## Exercise goal
Nothing after the line with "ADIDAS PureBOOST DPR" belongs in the copy; extract the lines below from the top through that line, pictures left out.

## Available data
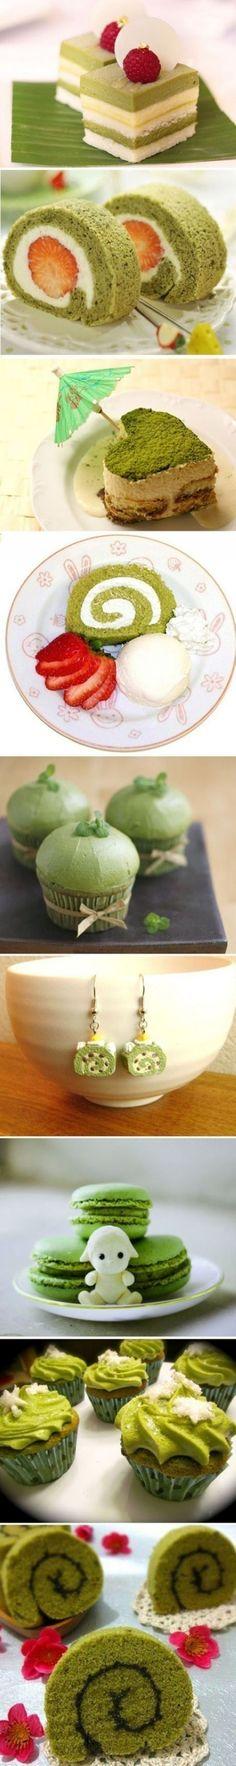 Matcha cakes that are amazing! Green Desserts, Green Tea Recipes, Sweet Recipes, Cupcakes, Cupcake Cakes, Golden Trio, Matcha Cake, Japanese Sweets, Matcha Green Tea
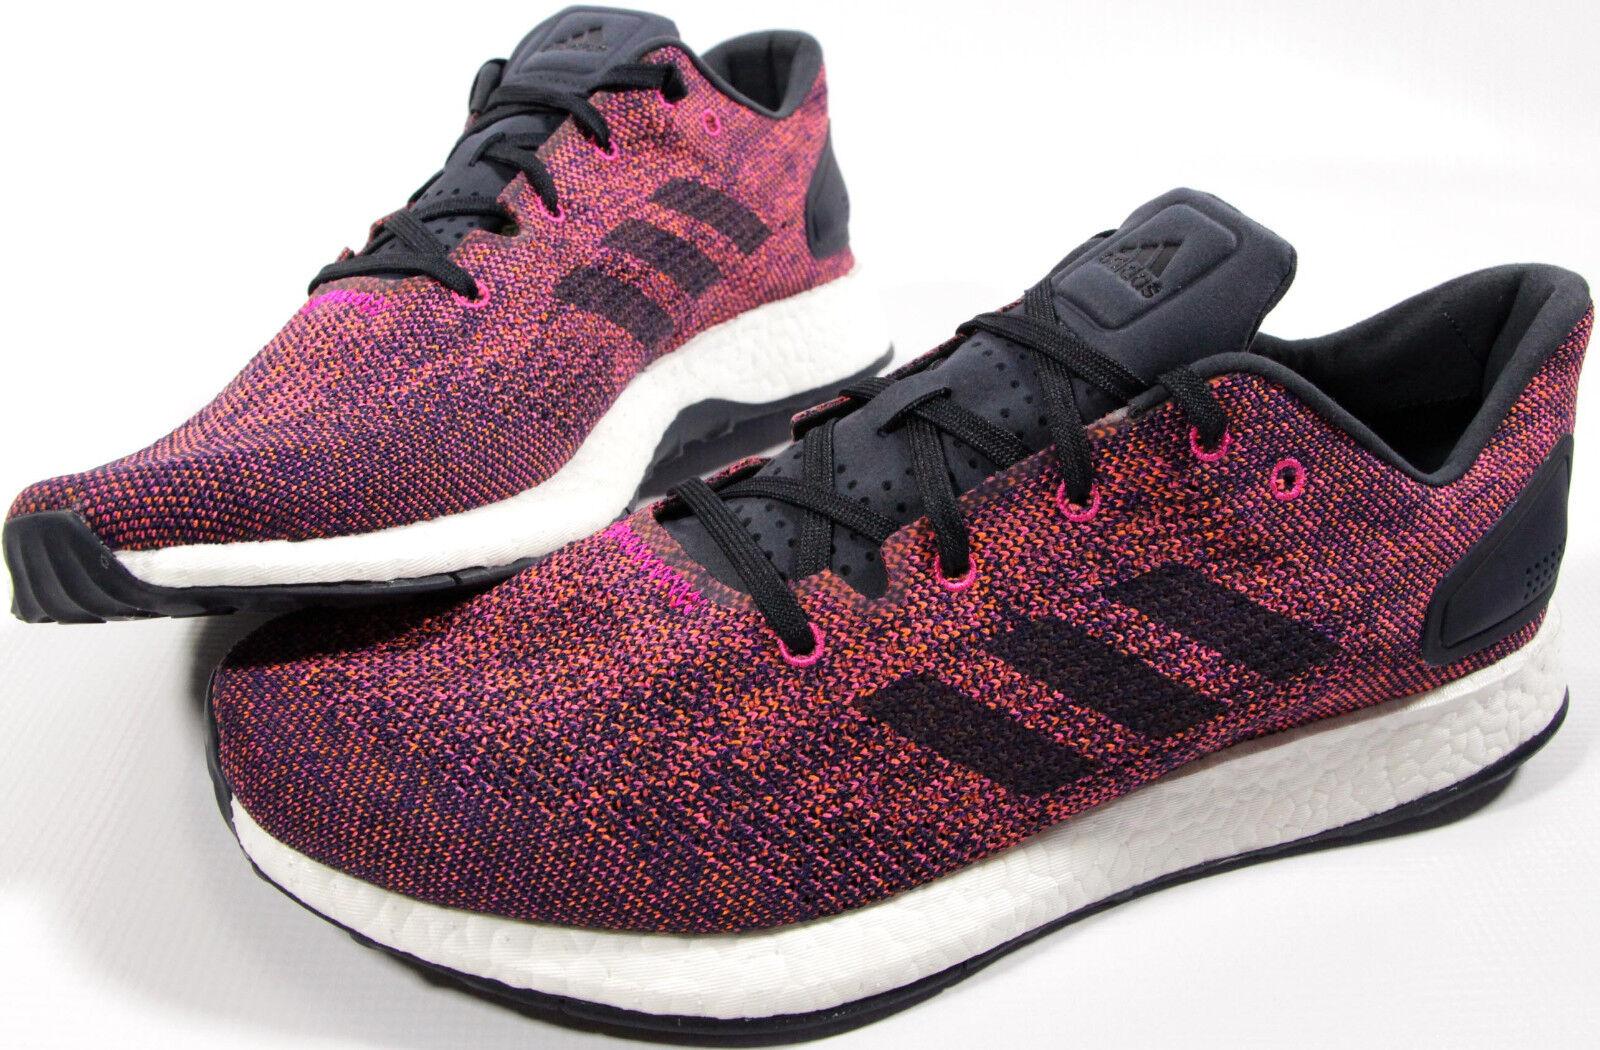 ADIDAS PureBOOST DPR Running shoes- 11- NEW-mens Boost light knit sneaker-  150
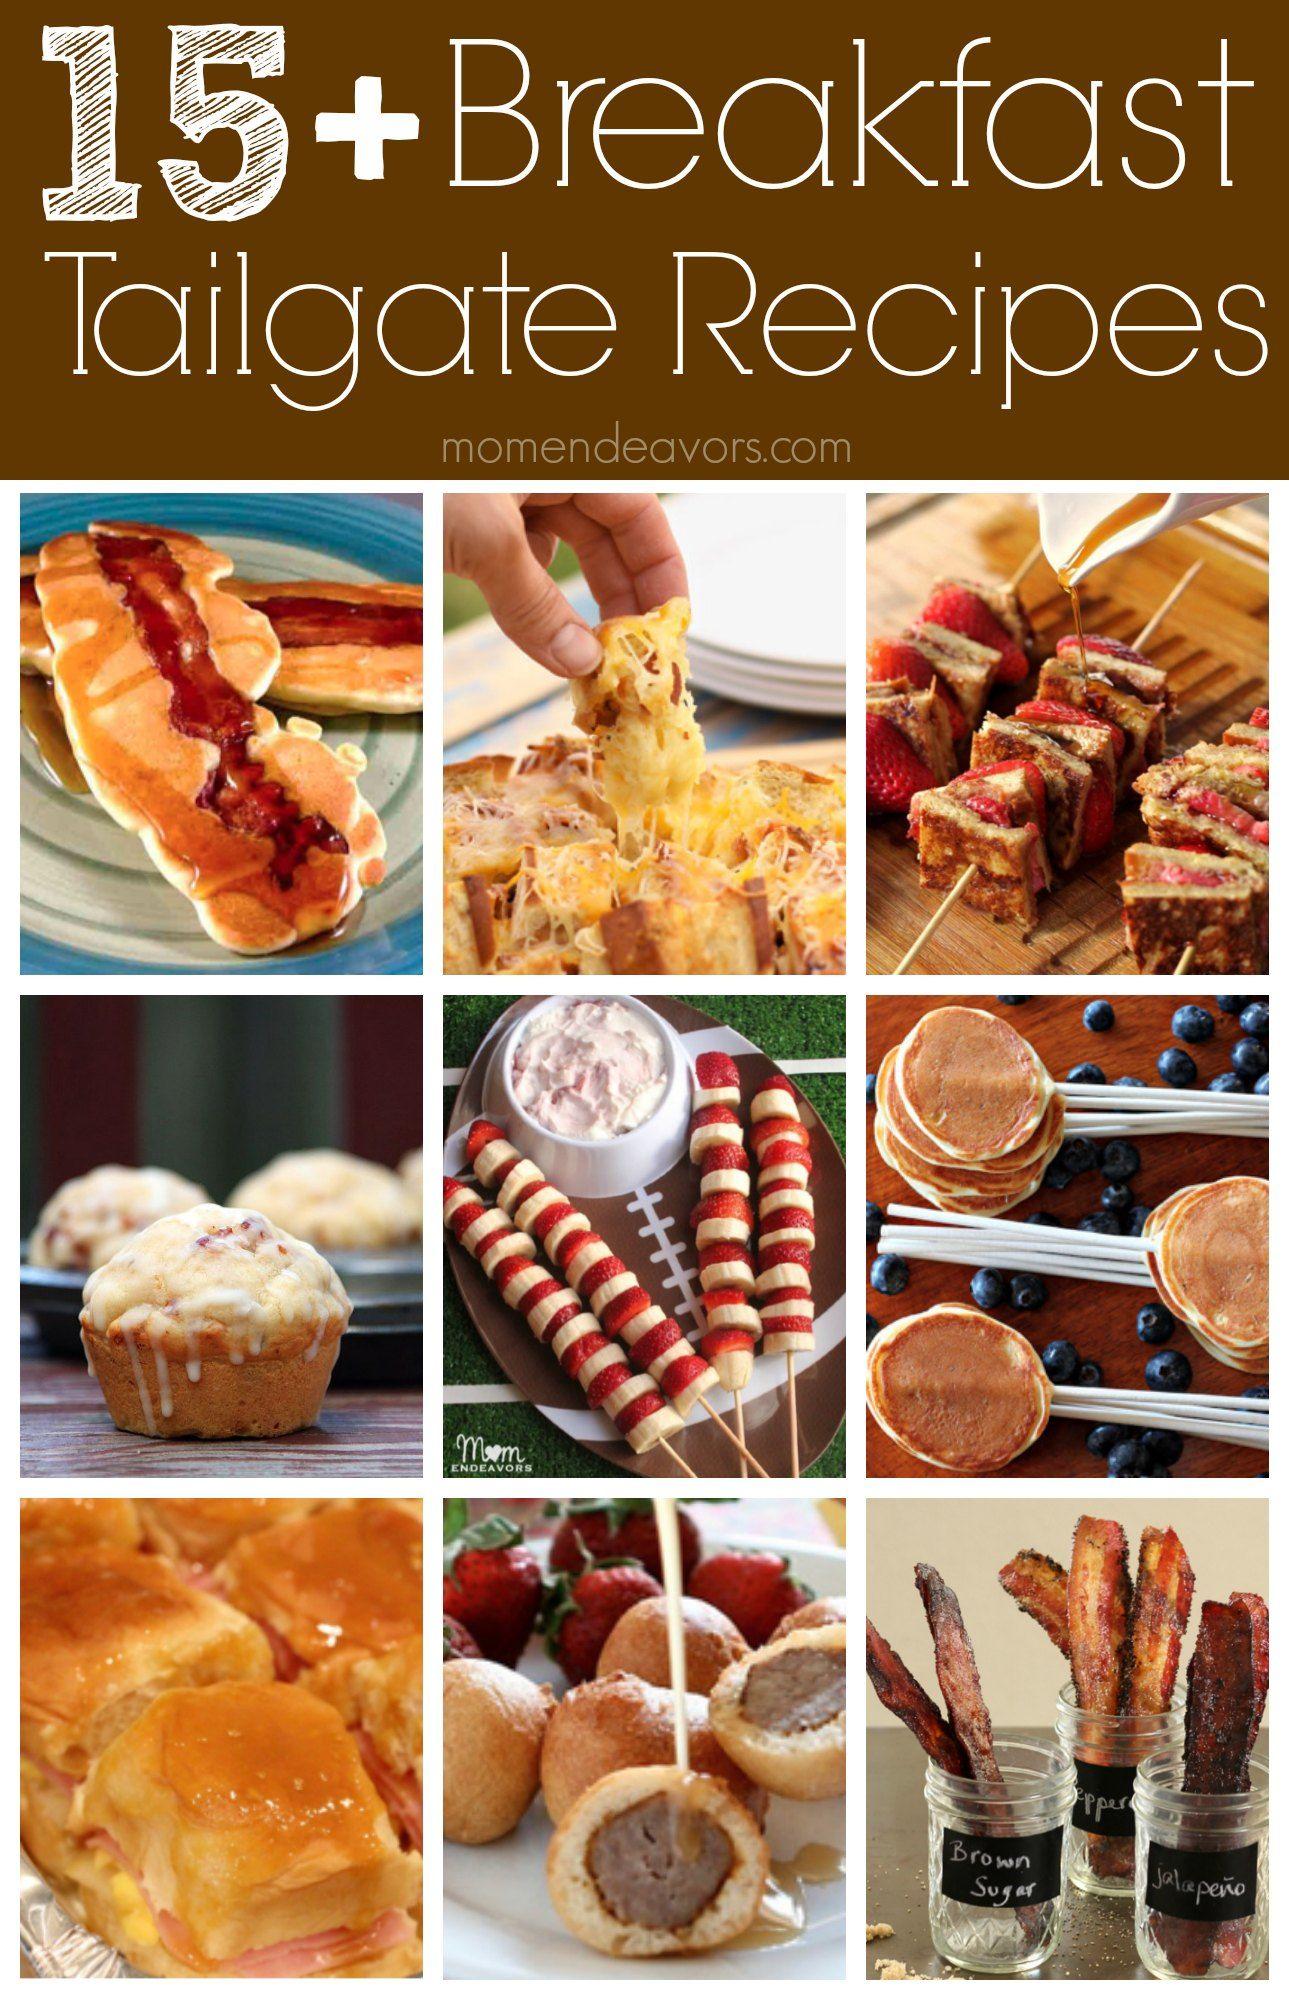 15+ Breakfast Tailgate Recipes #tailgatefood

## Written solution
 Matcha cakes that are amazing! Green Desserts, Green Tea Recipes, Sweet Recipes, Cupcakes, Cupcake Cakes, Golden Trio, Matcha Cake, Japanese Sweets, Matcha Green Tea
 ADIDAS PureBOOST DPR Running shoes- 11- NEW-mens Boost light knit sneaker-  150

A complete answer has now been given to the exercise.